Thursday, April 06, 2006

Memories

It's entirely possible that my mind is in over drive.
Out of no where, while I'm driving down the road, or doing some mundane chore, a memory will suddenly intrude upon me.
A memory that I've tried to forget, that I wish had never happened.
It's awful when the incredibly stupid and terrible things I've done in my life come back to haunt me.
Most of my regrets involve men.
I desperately wish I'd been not only much more conservative but chaste as well in my youth.
Loneliness has lead me to shameful places.
A desire to be wanted and loved lead me to compromise what I hold most dear to me, my self respect.
Impatience with life and a constant need to be seeking.

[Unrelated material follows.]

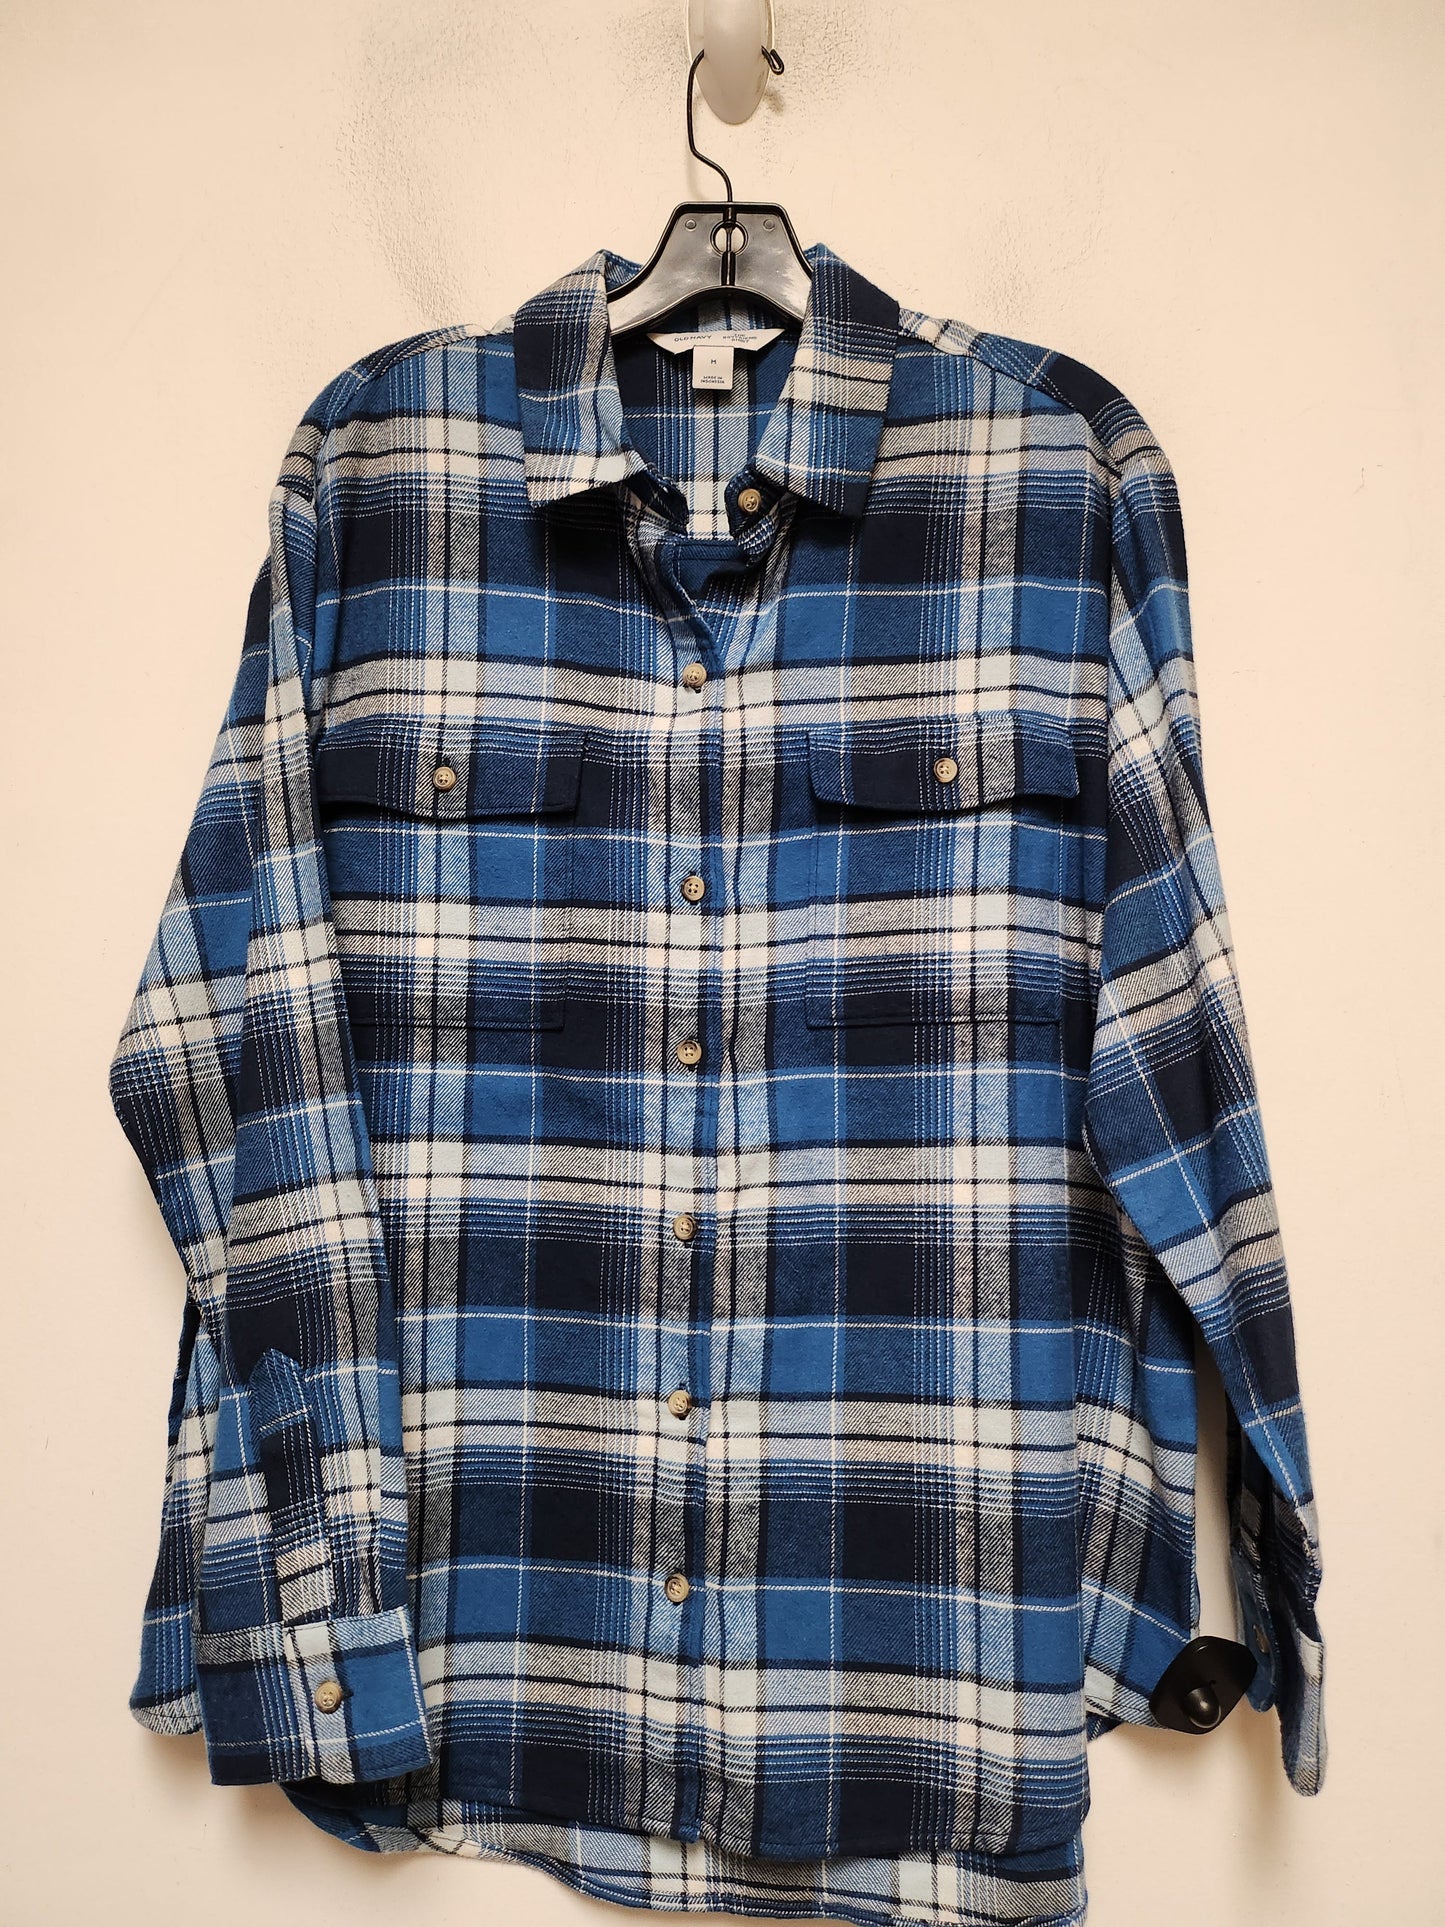 Plaid Pattern Top Long Sleeve Old Navy, Size M

Seeking a way to fill my time and empty heart were my downfall.
I remember what started it all for me. When my ex-husband showed up to sign divorce papers with hickeys on his neck. I'd been lonely and miserable. He'd been out forgetting me. I decided right then that if he could do such things so could I. I began to medicate my wounds with men. Someone to make me feel desirable. To make me forget my pain.
It took many heartaches and mistakes for me to understand that no amount of healing would ever come from a man. I came to understand that before I could find happiness with someone else, I had to find peace within first. It's so cliche, but so undeniably true. I've found my peace and my happiness.
The problem is that I'm still haunted by stinging regret and embarrassment.

1 Comments:

Blogger Sarah said...

That's advice I really need to take.